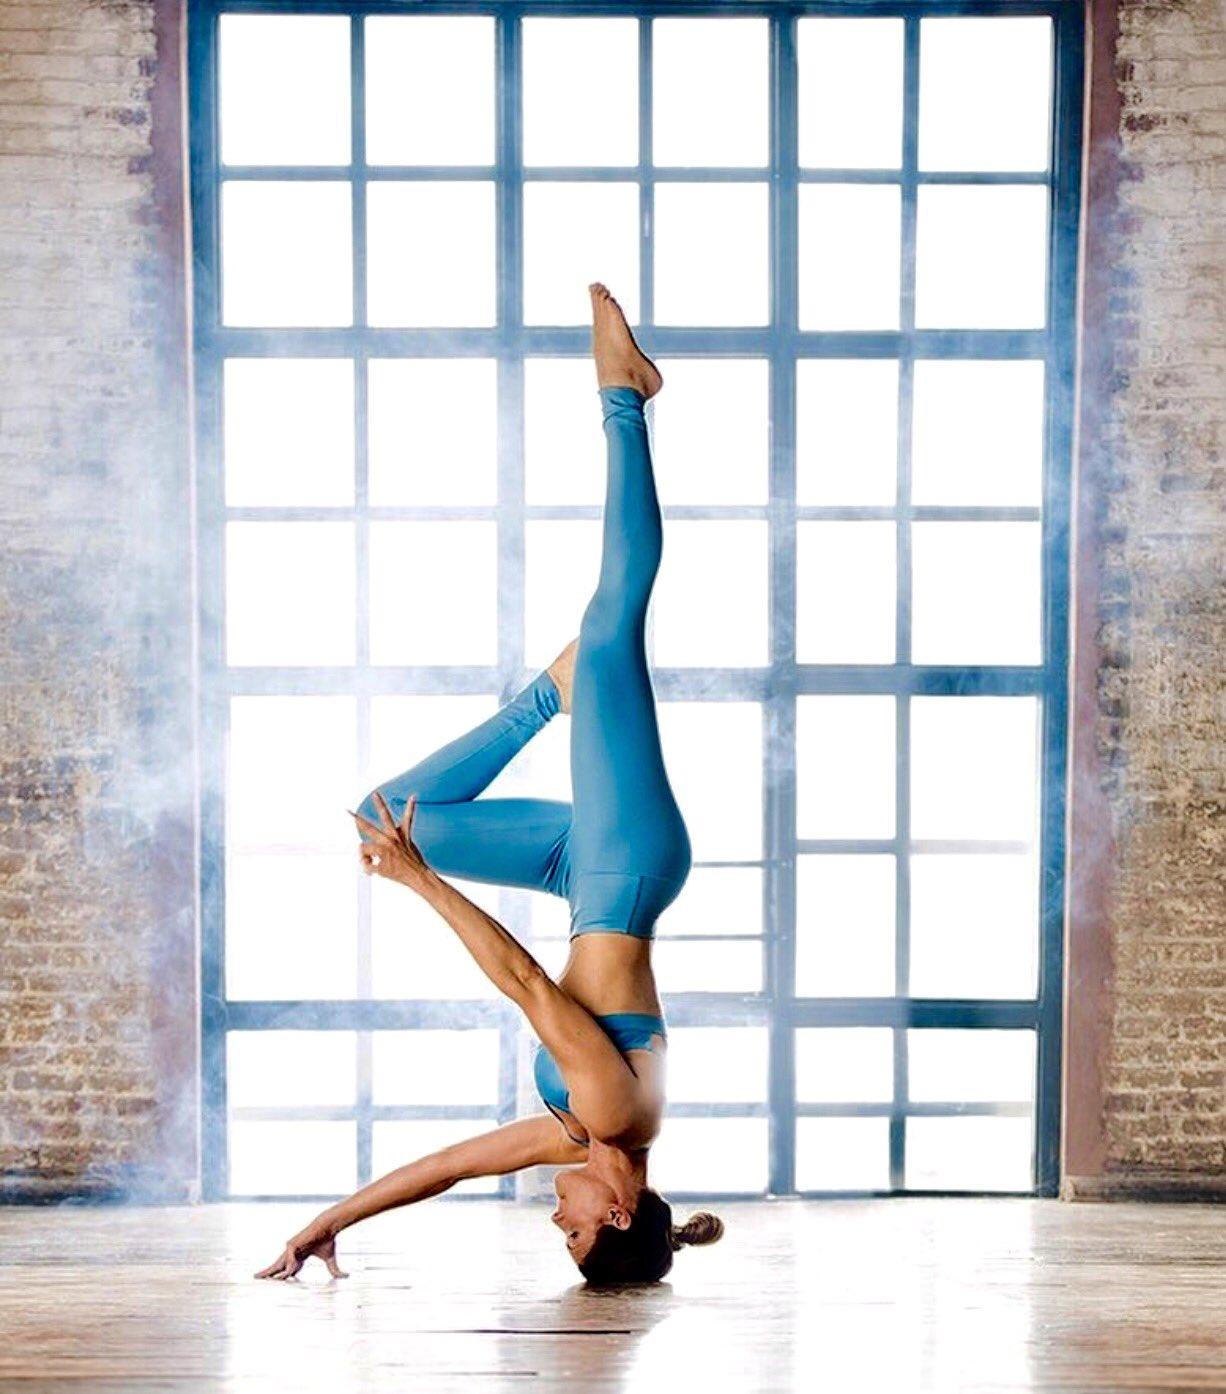 You are powerful beyond measure. 📷 riva_g_  #yoga #yogapose #fitness #fitnessmotivation #wellness #iloveyoga #inspiration https://t.co/ph1BPgIIBF
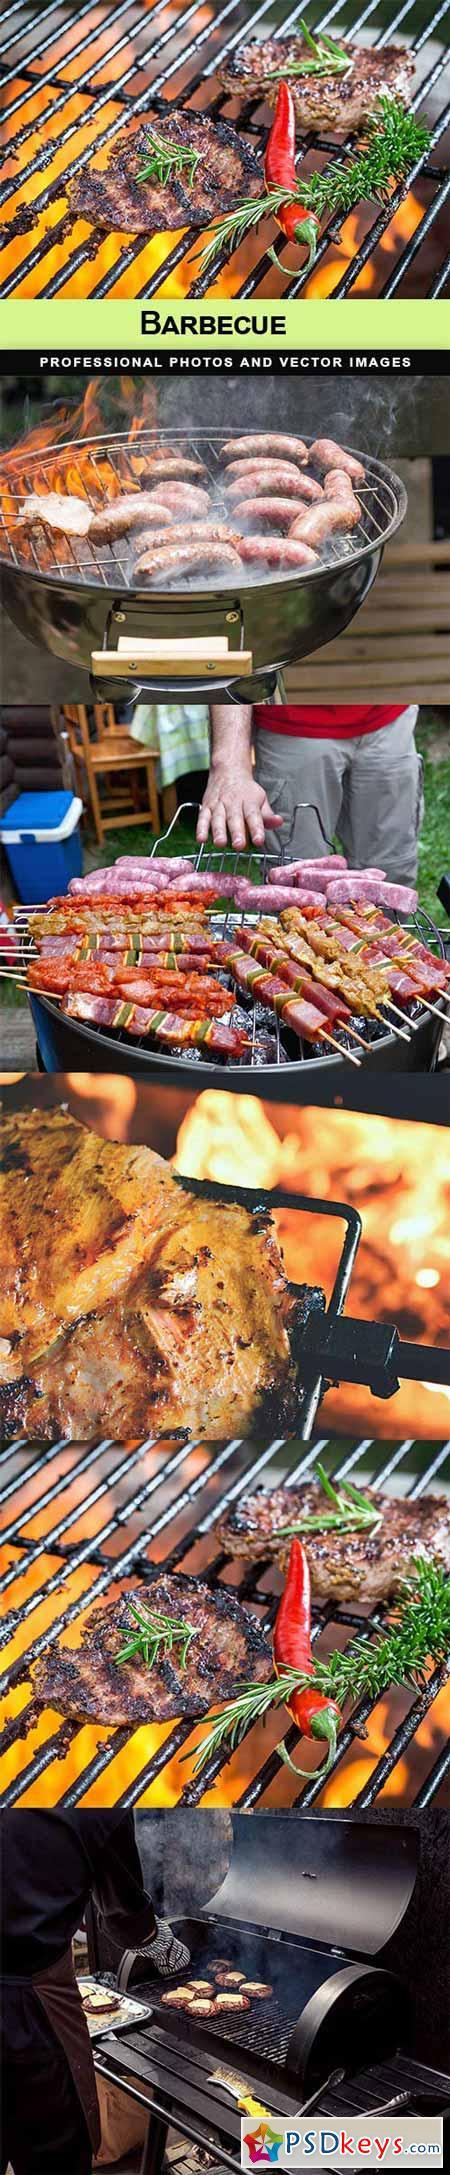 Barbecue - 5 UHQ JPEG
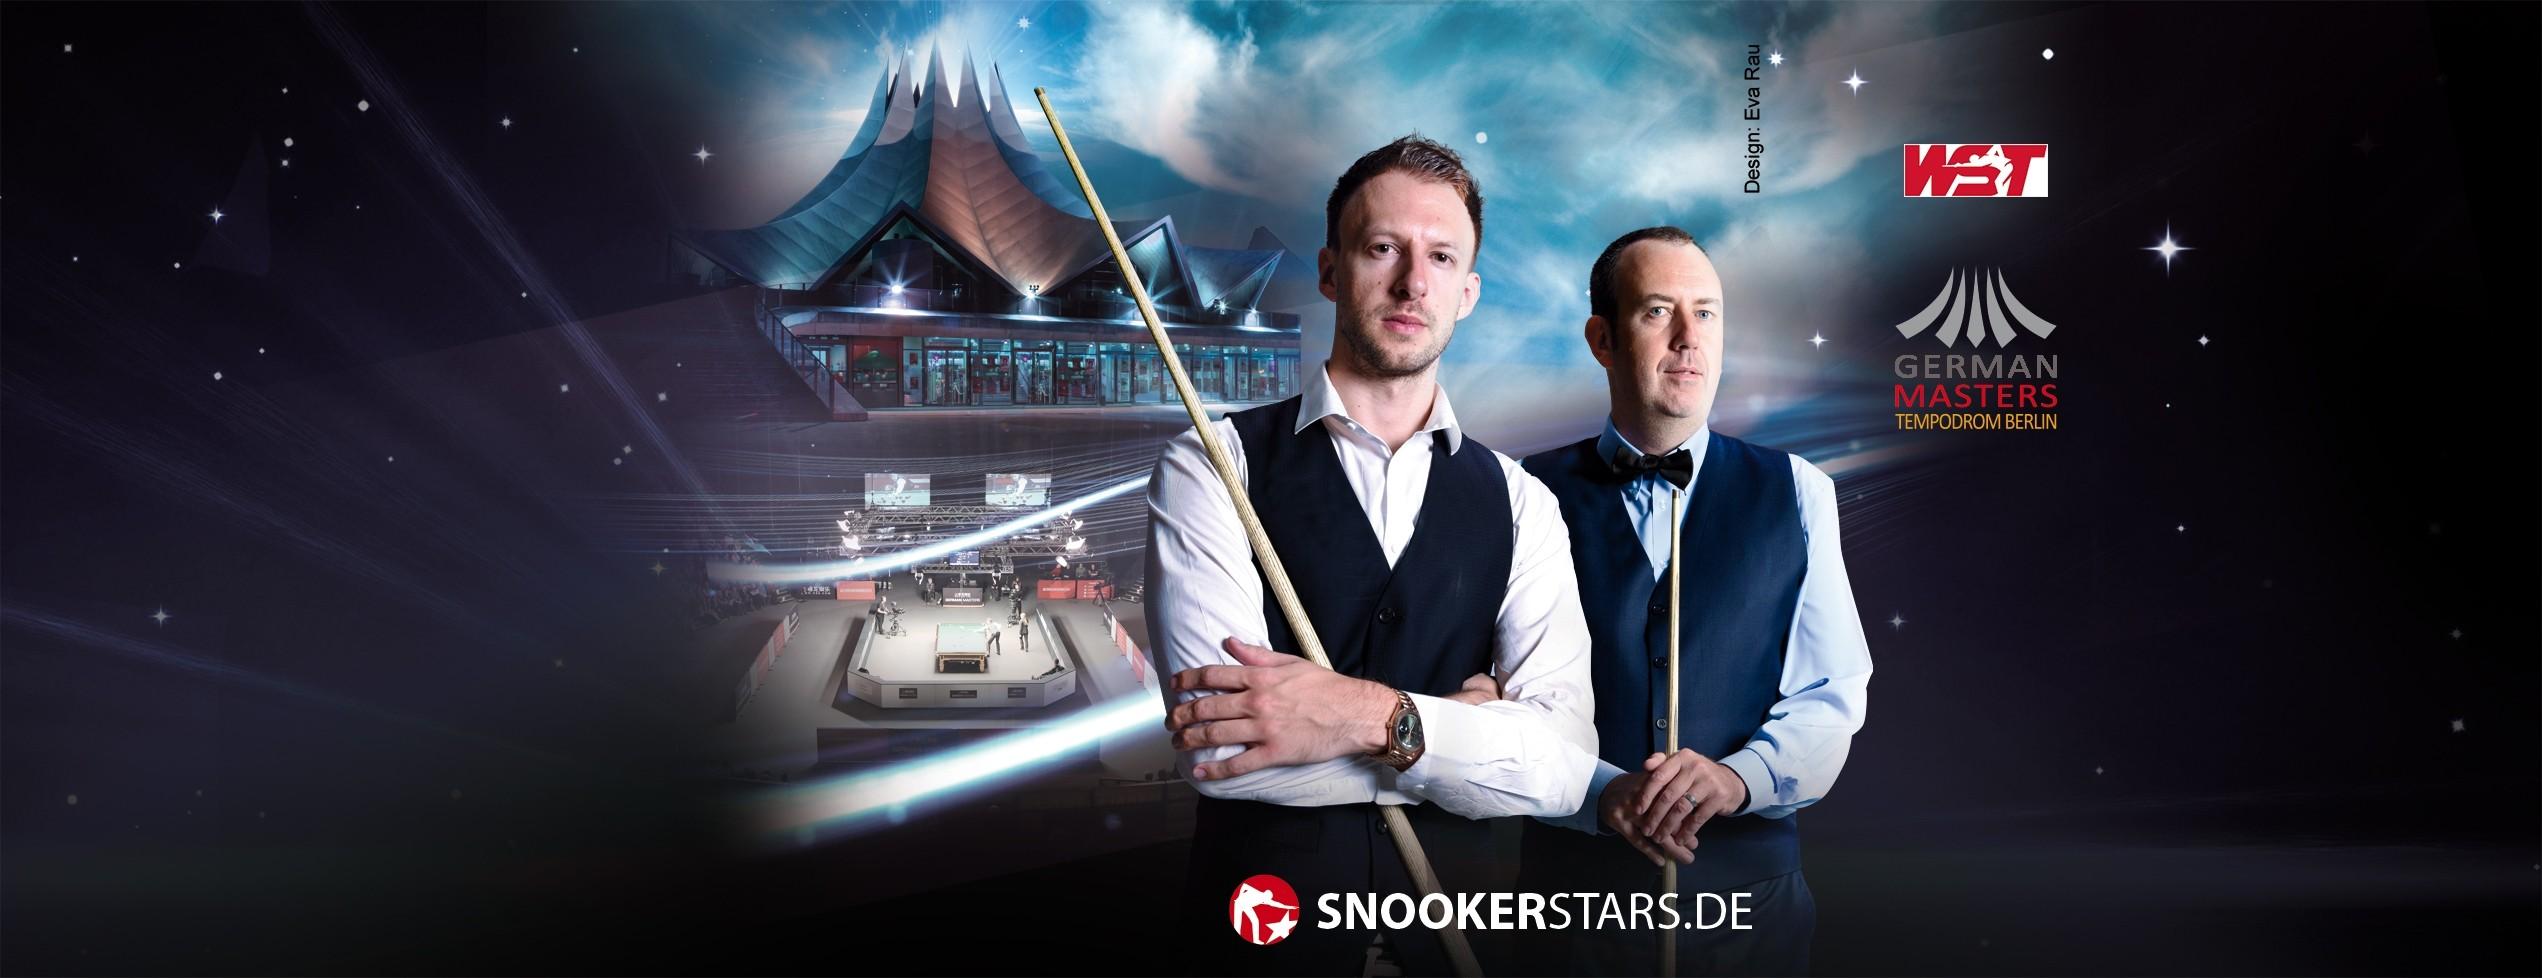 German Masters 29.01.2021 KAT 1 Abend-Session
▬▬▬▬▬▬
● Exercise: Starting with the line that holds "Barbecue - 5 UHQ JPEG", reproduce exactly each line up to and including the last line of the material above, and drop the pictures.

● Written answer:
 Barbecue - 5 UHQ JPEG
 German Masters 29.01.2021 KAT 1 Abend-Session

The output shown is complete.